Question

Prove the property. In each case, assume that \(\mathbf{r}, \mathbf{u},\) and \(\mathbf{v}\) are differentiable vector-valued functions of \(t,\) \(f\) is a differentiable real-valued function of \(t,\) and \(c\) is a scalar. If \(\mathbf{r}(t) \cdot \mathbf{r}(t)\) is a constant, then \(\mathbf{r}(t) \cdot \mathbf{r}^{\prime}(t)=0\)

Short answer

The property \(\mathbf{r}(t)\cdot\mathbf{r}'(t)\) = 0 is valid due to the fact that the derivative of \(\mathbf{r}(t).\mathbf{r}(t)\) with respect to \(t\) is zero, applying the derivative product rule for vector-valued functions, and the commutative property of the dot product.

Step-by-step solution

Understand the given property

We are given that the dot product of vector \(\mathbf{r}(t)\) with itself is a constant. Let's denote this constant as \(k\), thus we have \(\mathbf{r}(t) \cdot \mathbf{r}(t) = k\). We are asked to prove that the dot product of vector \(\mathbf{r}(t)\) with its derivative \(\mathbf{r}'(t)\) equals zero.

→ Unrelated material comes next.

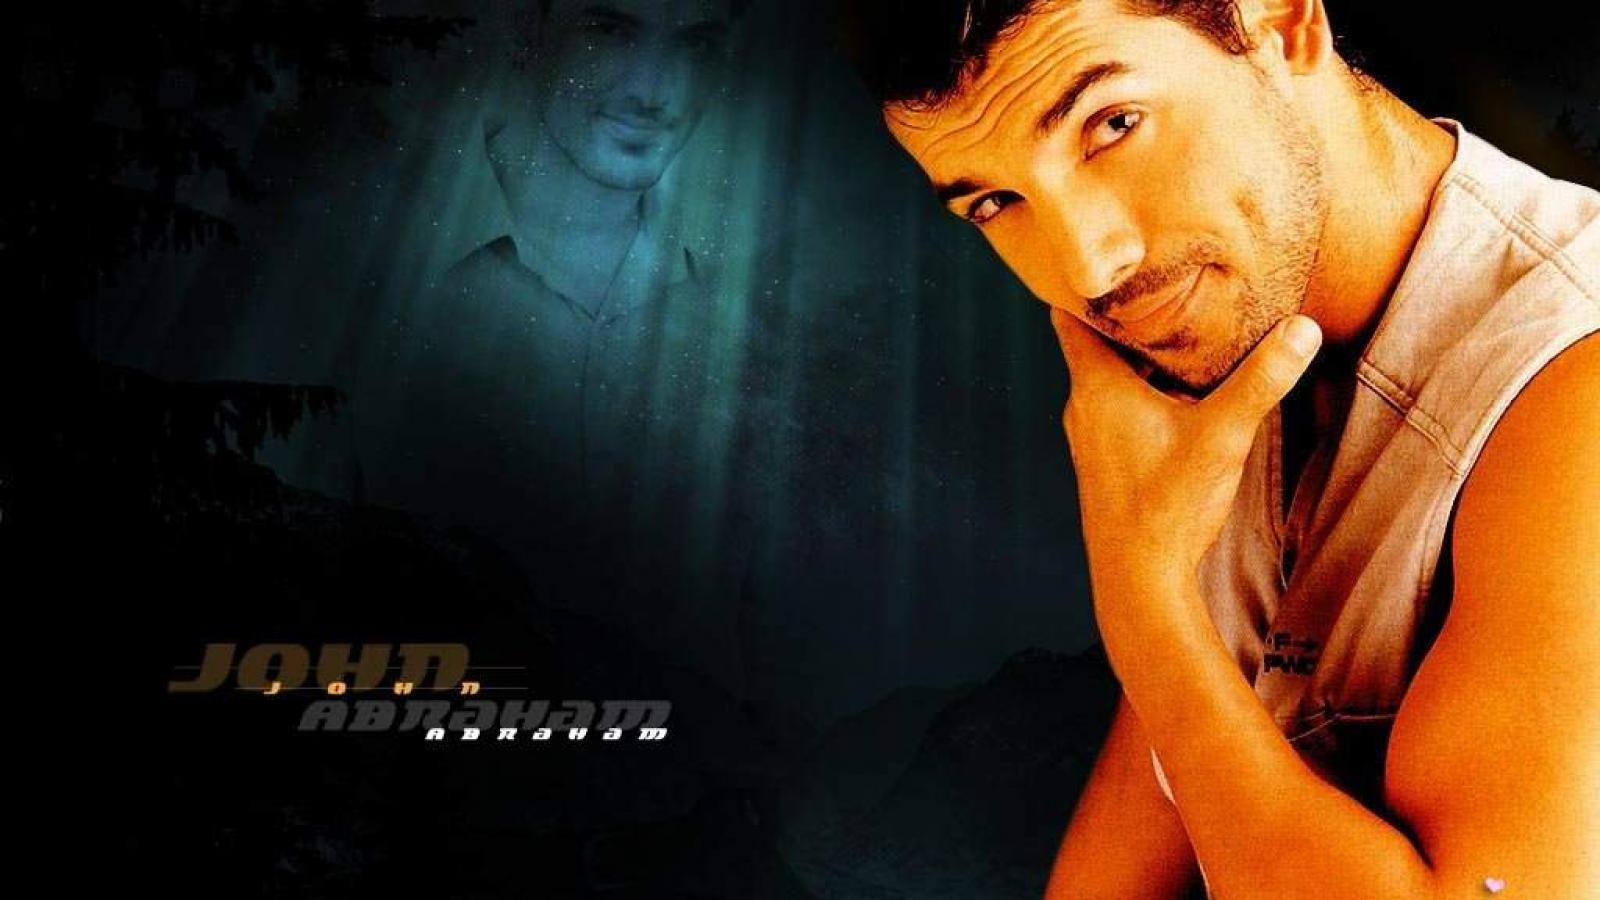 ... katreena kaif wallpapers|katreena kaif pictures|film actors| film

Differentiate the given constant

Since \(\mathbf{r}(t) \cdot \mathbf{r}(t)=k\) is a constant, its derivative with respect to \(t\) would be zero, as the derivative of a constant value is always zero. To elaborate more, \(\frac{d}{dt} \left(\mathbf{r}(t) \cdot \mathbf{r}(t)\right) = 0\).

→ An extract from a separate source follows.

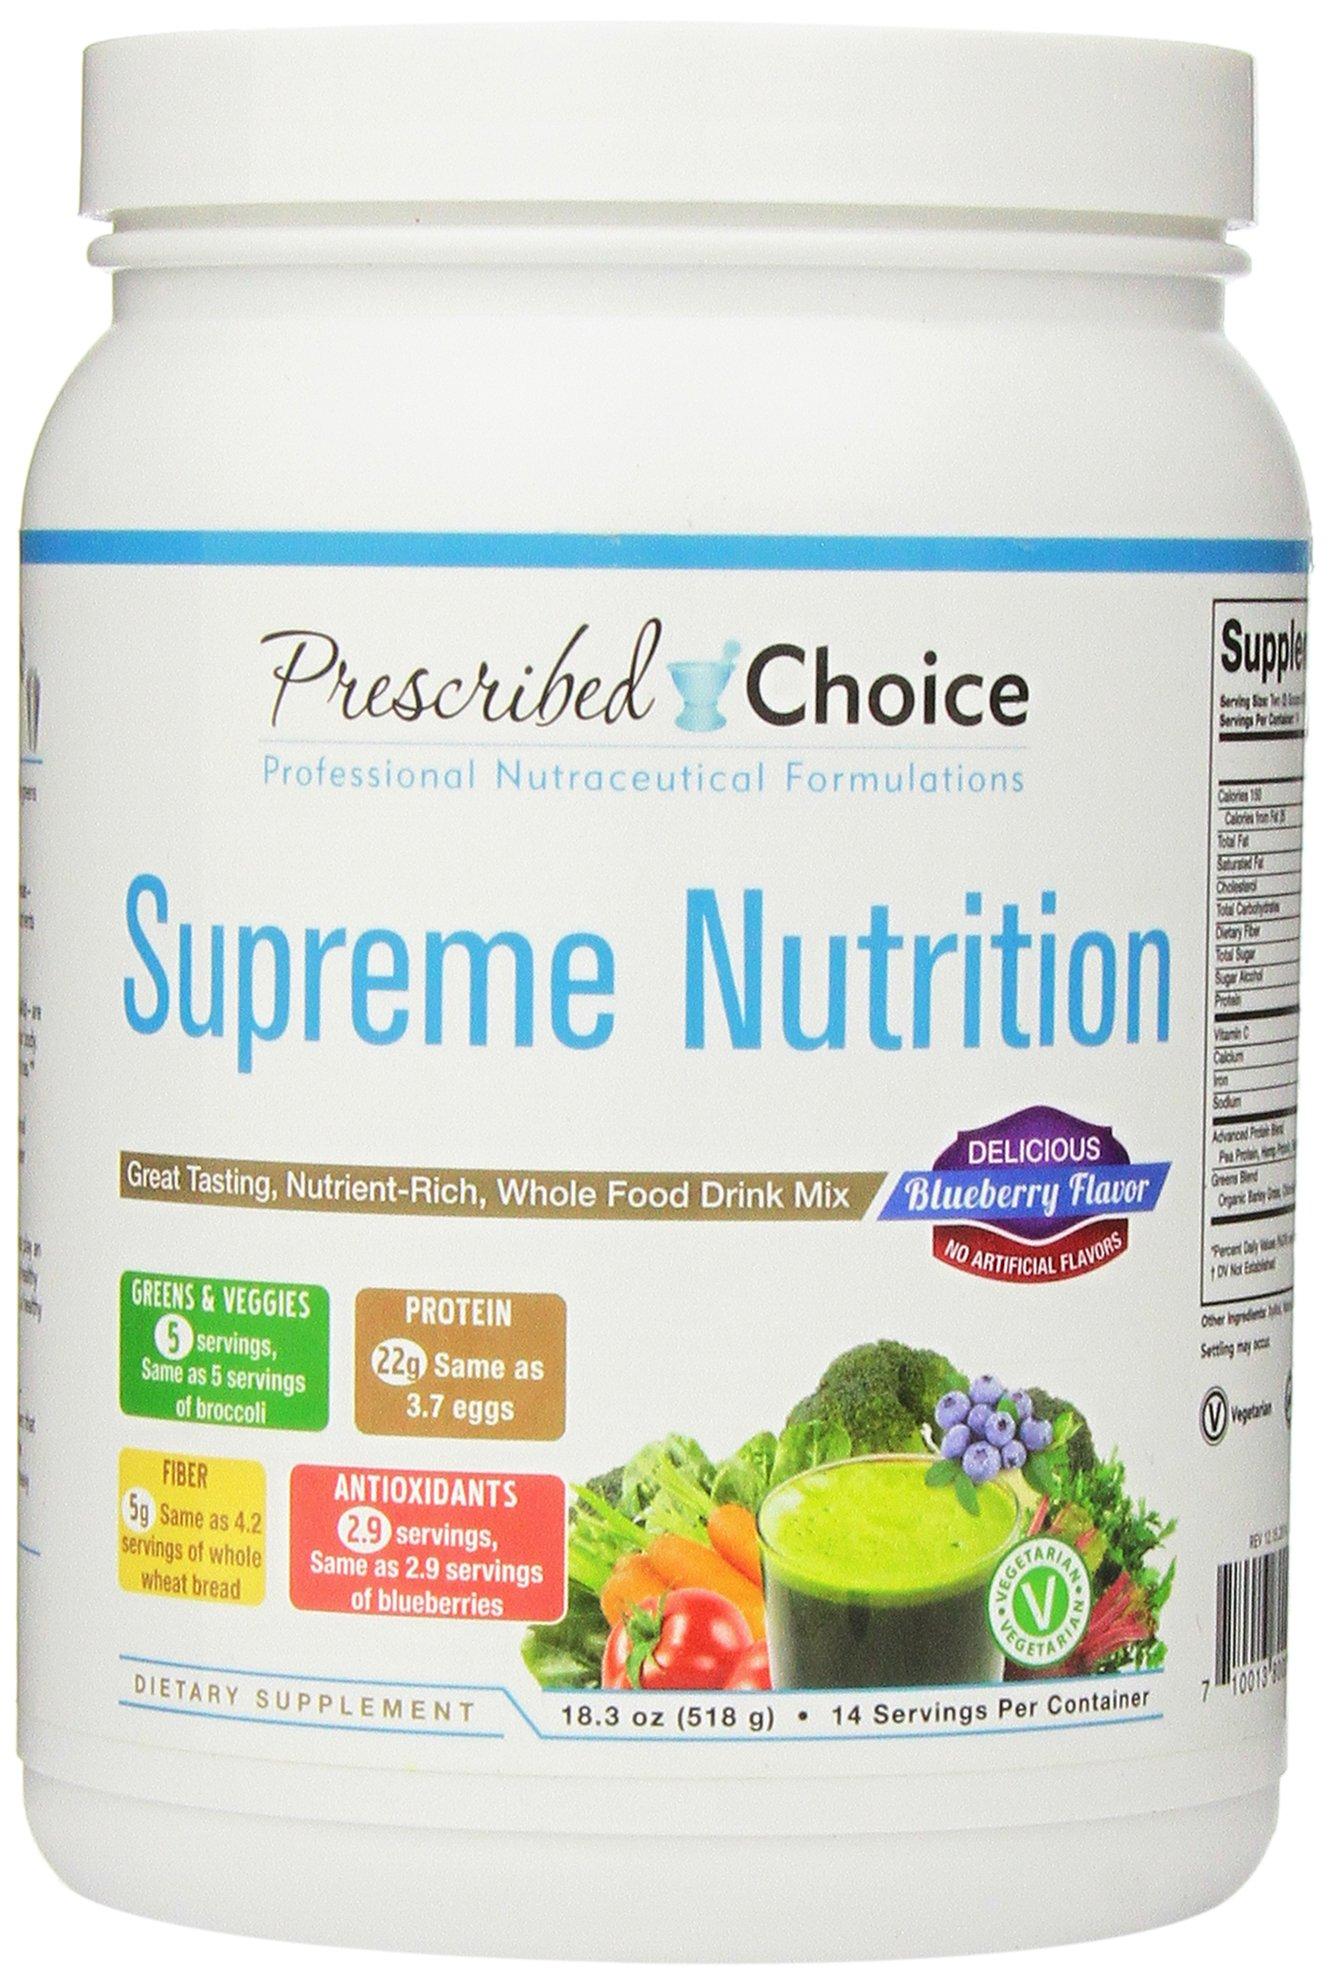 Prescribed Choice Supreme Nutrition, 518 Gram

Use the product rule for derivatives

Using the product rule of derivatives for vector-valued functions, we have \(\frac{d}{dt} \left(\mathbf{r}(t) \cdot \mathbf{r}(t)\right) = \mathbf{r}(t) \cdot \mathbf{r}'(t) + \mathbf{r}'(t) \cdot \mathbf{r}(t)\). Considering that the dot product is commutative (meaning \(\mathbf{r}(t).\mathbf{r}'(t) = \mathbf{r}'(t).\mathbf{r}(t)\)), this simplifies to \(2\cdot\mathbf{r}(t) \cdot \mathbf{r}'(t)\)

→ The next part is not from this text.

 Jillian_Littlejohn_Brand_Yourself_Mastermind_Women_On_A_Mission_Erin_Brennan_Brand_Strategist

Equate to zero and prove the property

As deduced in Step 2, the derivative of \(\mathbf{r}(t) \cdot \mathbf{r}(t)\) is zero. Thus, we have \(2\cdot\mathbf{r}(t) \cdot \mathbf{r}'(t) = 0\). Therefore, \(\mathbf{r}(t) \cdot \mathbf{r}'(t) = 0\). Hence, the property is fully proved.